Fluorescence microscopy was used to determine the dispersion of zeolite in PBAT membranes. The electrospun membrane was immersed in an aqueous rhodamine B solution (2 mg/L, pH = 6) for 24 h, following the experimental procedure described in reference [69]. The ratio between zeolite and rhodamine B solution was 90 mg/L. The sample mat was recovered from the solution, dried at 60 °C for 12 h, and analyzed using a multiphoton confocal microscope model LSM 980 equipped with a 543 nm laser excitation source (Carl Zeiss, Oberkochen, Germany).

3.3.2. Infrared Spectroscopy

Infrared spectra were obtained using a Fourier Transform Infrared Spectrometer (Jasco FT-IR 4100, Tokio, Japan) equipped with an attenuated total reflectance module (ZnSe crystal). The spectra were recorded in a range from 4000 to 600 cm⁻¹, at a resolution of 4 cm⁻¹, averaging 24 scans per sample. The spectra were normalized to the band at 1710 cm⁻¹, which is expected not to change after acid treatment.

3.3.3. Contact Angle

The contact angle was measured using an Optical Tensiometer (OneAttension theta—Biolin Scientific, Gothenburg, Sweden).

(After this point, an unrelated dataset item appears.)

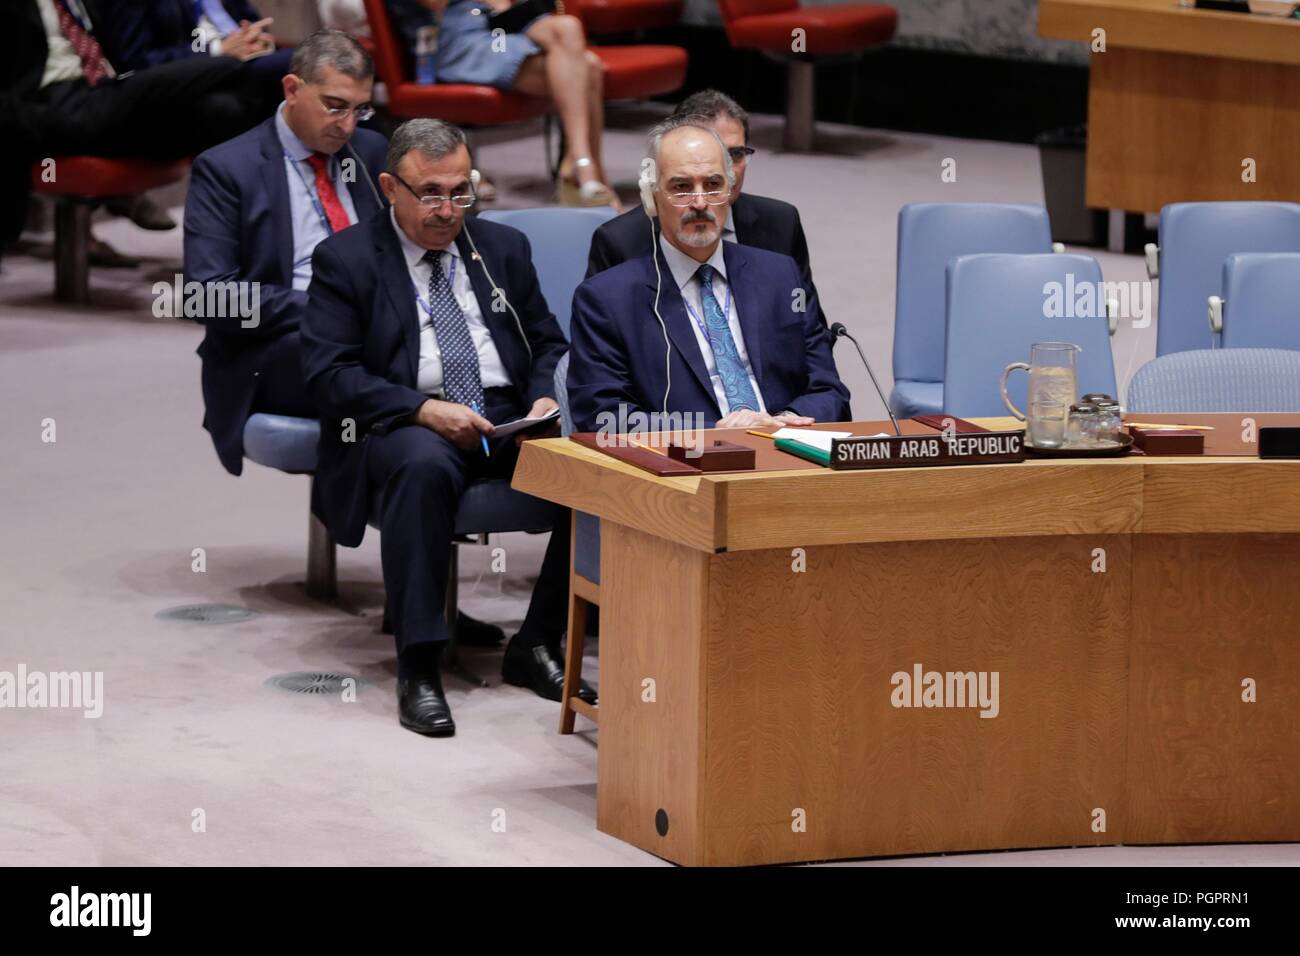 United Nations, New York, USA, August 28, 2018 - Bashar Jaafari, Permanent Representative of the Syrian Arab Republic to the United Nations During the Security Council meeting on the situation in the Middle East (Syria) today at the UN Headquarters in New York. Photo: Luiz Rampelotto/EuropaNewswire | usage worldwide Credit: dpa picture alliance/Alamy Live News Stock Photo
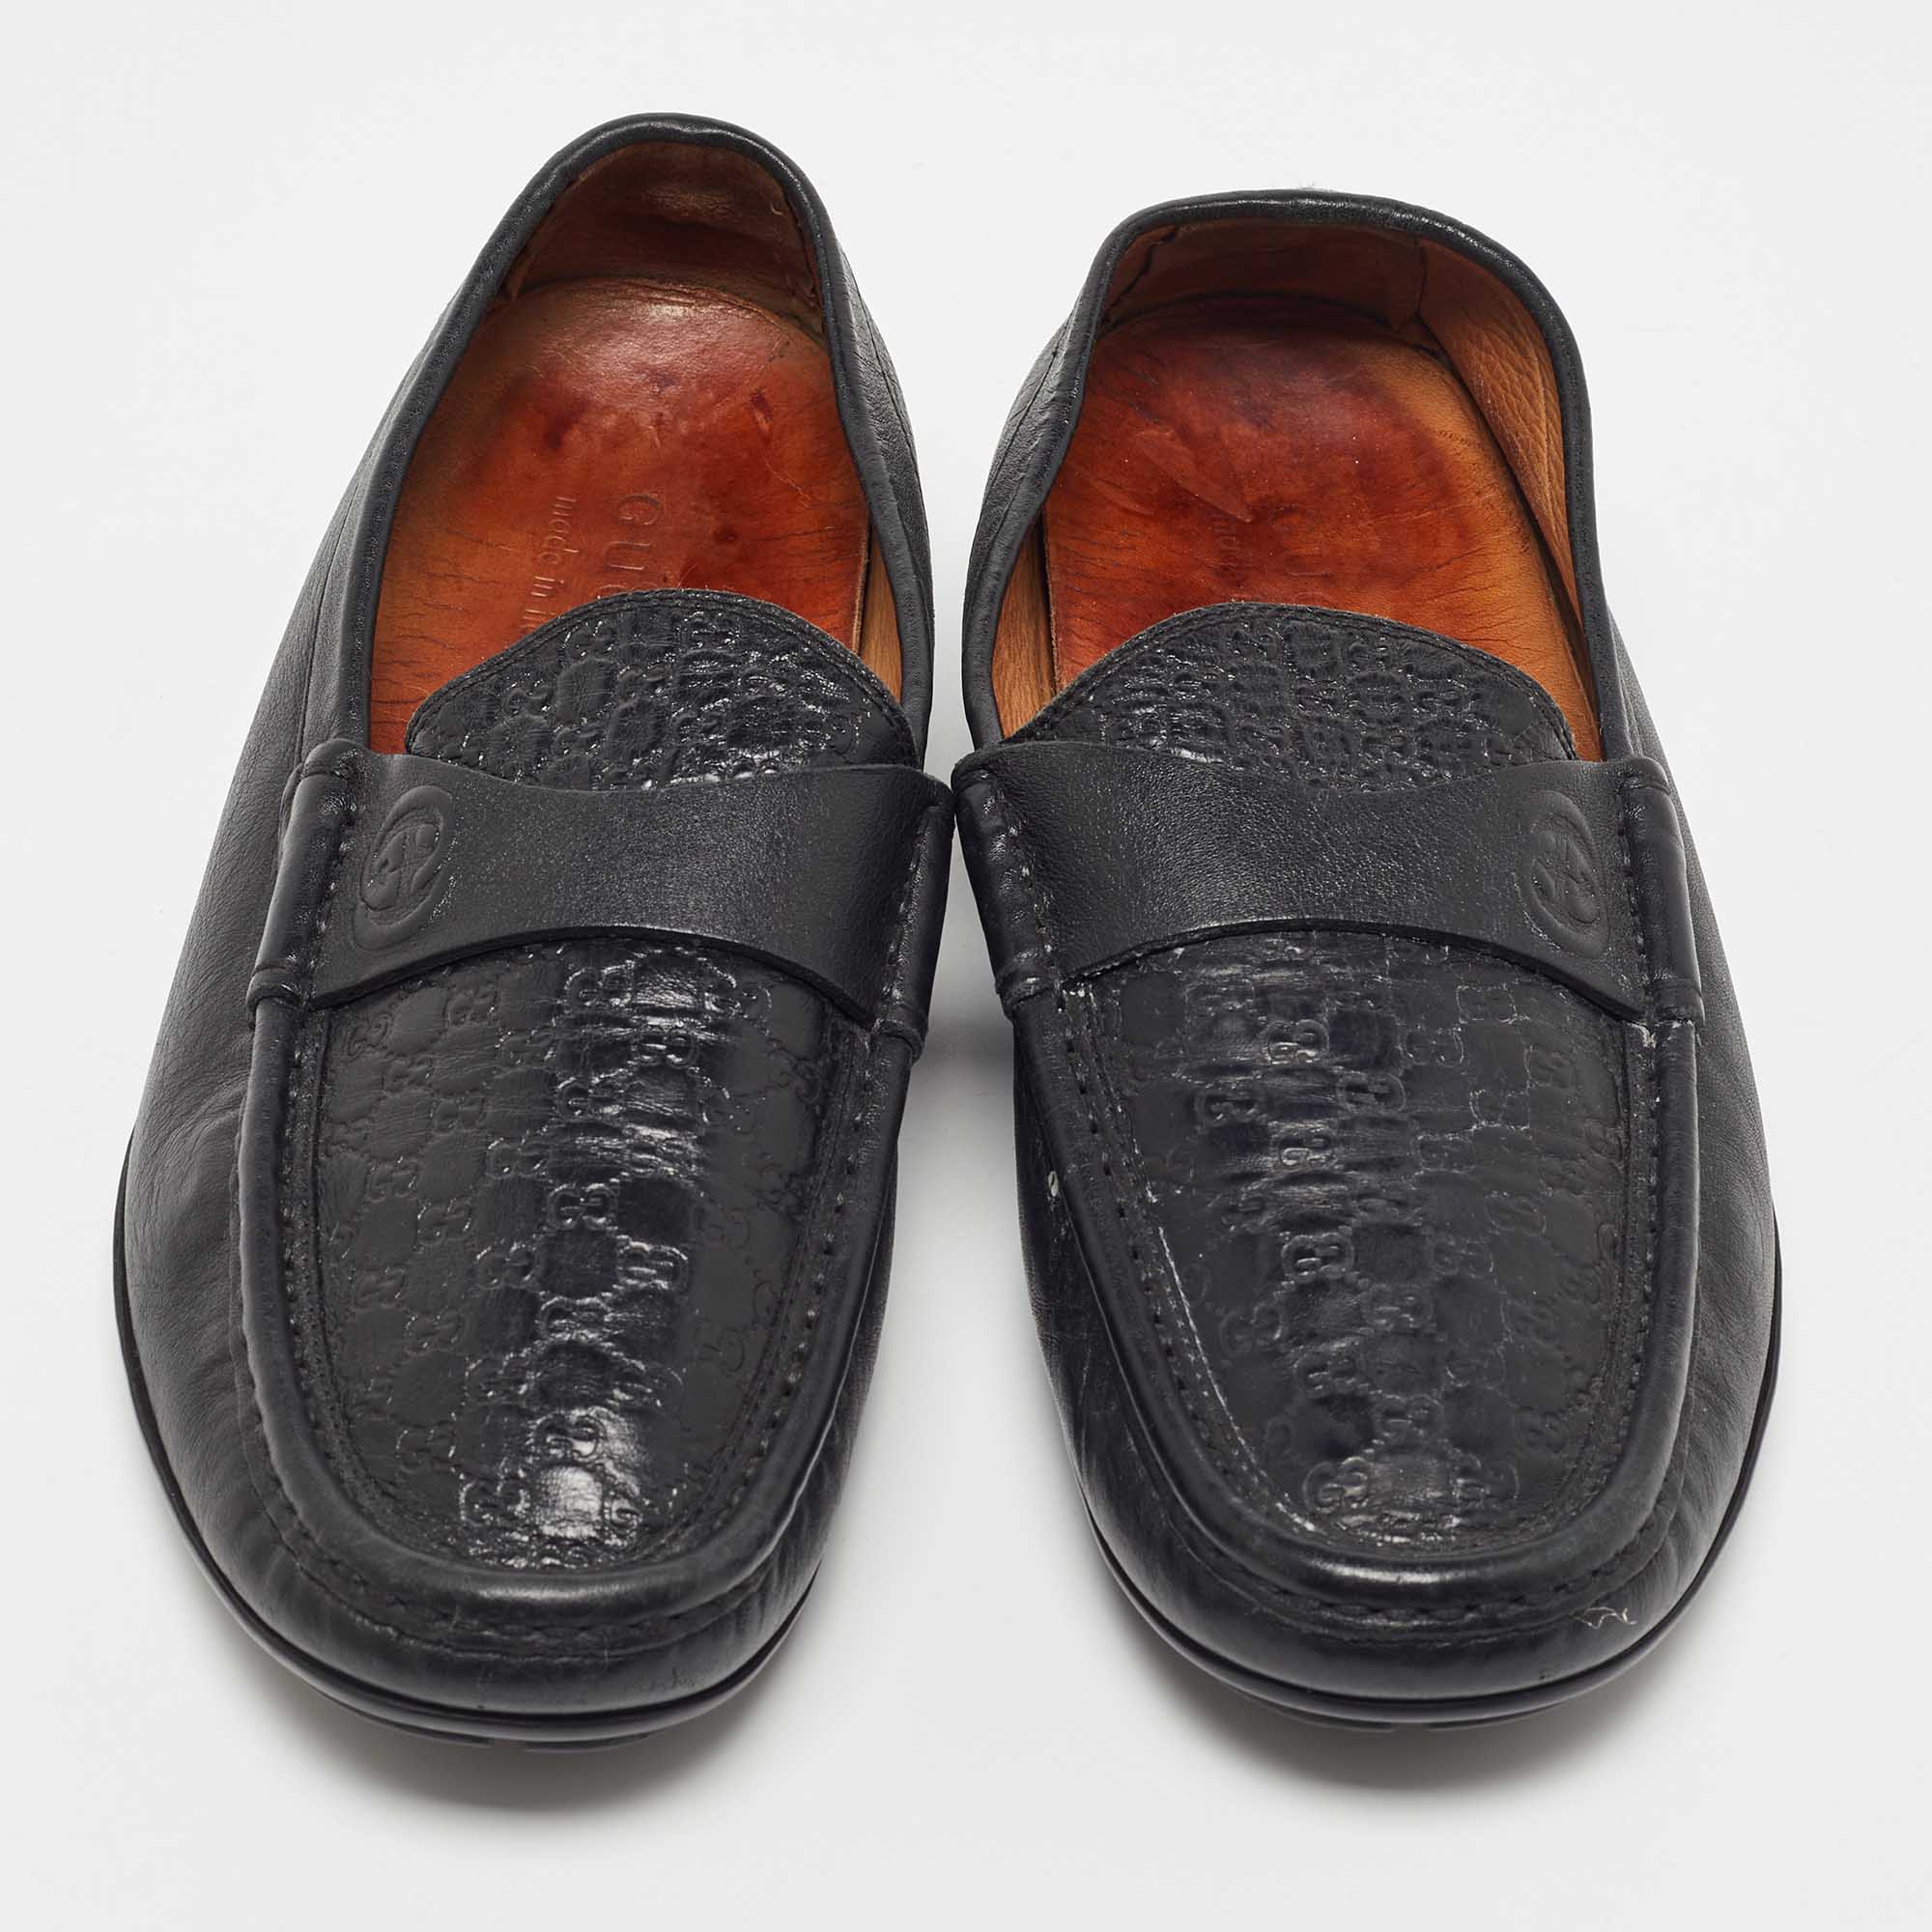 Gucci Black Microguccissima Leather Slip On Loafers Size 40.5

Drops of distilled water (10 µL) were placed on different zones of the membrane’s surface, and at least 10 determinations were performed to calculate the average value.

3.3.4. Adsorption Experiments

Preliminary batch experiments were performed to evaluate the performance of PBAT membranes (PBAT and PBAT-Z) and power zeolite before and after acid treatment. Adsorption experiments were carried out by mixing 45 mg of the adsorbent and 5 mL aliquots of TC or MB aqueous solutions at concentration of 25 mg/L and 2 mg/L, respectively, using 25 mL Erlenmeyer flasks. The flask was stirred in an orbital shaker at 120 rpm for 24 h. The pH of solutions was fixed at 6.30. The residual TC and MB concentrations were determined using an UV–Vis spectrometer (Shimadzu UV-1800, Kyoto, Japan) at a wavelength of 357 nm and 664 nm, respectively. Calibration curves were done using aqueous solutions in the range of 0.5 to 200 mg/L for TC and 0.25 to 8 mg/L for MB. The glassware used through all experiments was covered with aluminum foil to prevent the photolysis of TC. All experiments were performed in triplicate and at room temperature (25 ± 0.1 °C). Calibration curves for UV–Vis spectrometer measurements were done by preparing TC and MC stock solutions. TC stock solution (1000 mg/L) was prepared daily by dissolving 100 mg of TC in deionized water to a final volume of 100 mL. A methylene blue (MB) stock solution (1000 mg/L) was prepared by dissolving 250 mg of MB in deionized water up to a final volume of 250 mL. The calibration curves and solutions used in the adsorption experiments were prepared by diluting the stock solution of each pollutant considered (MB or TC) to obtain the different concentrations analyzed in this work.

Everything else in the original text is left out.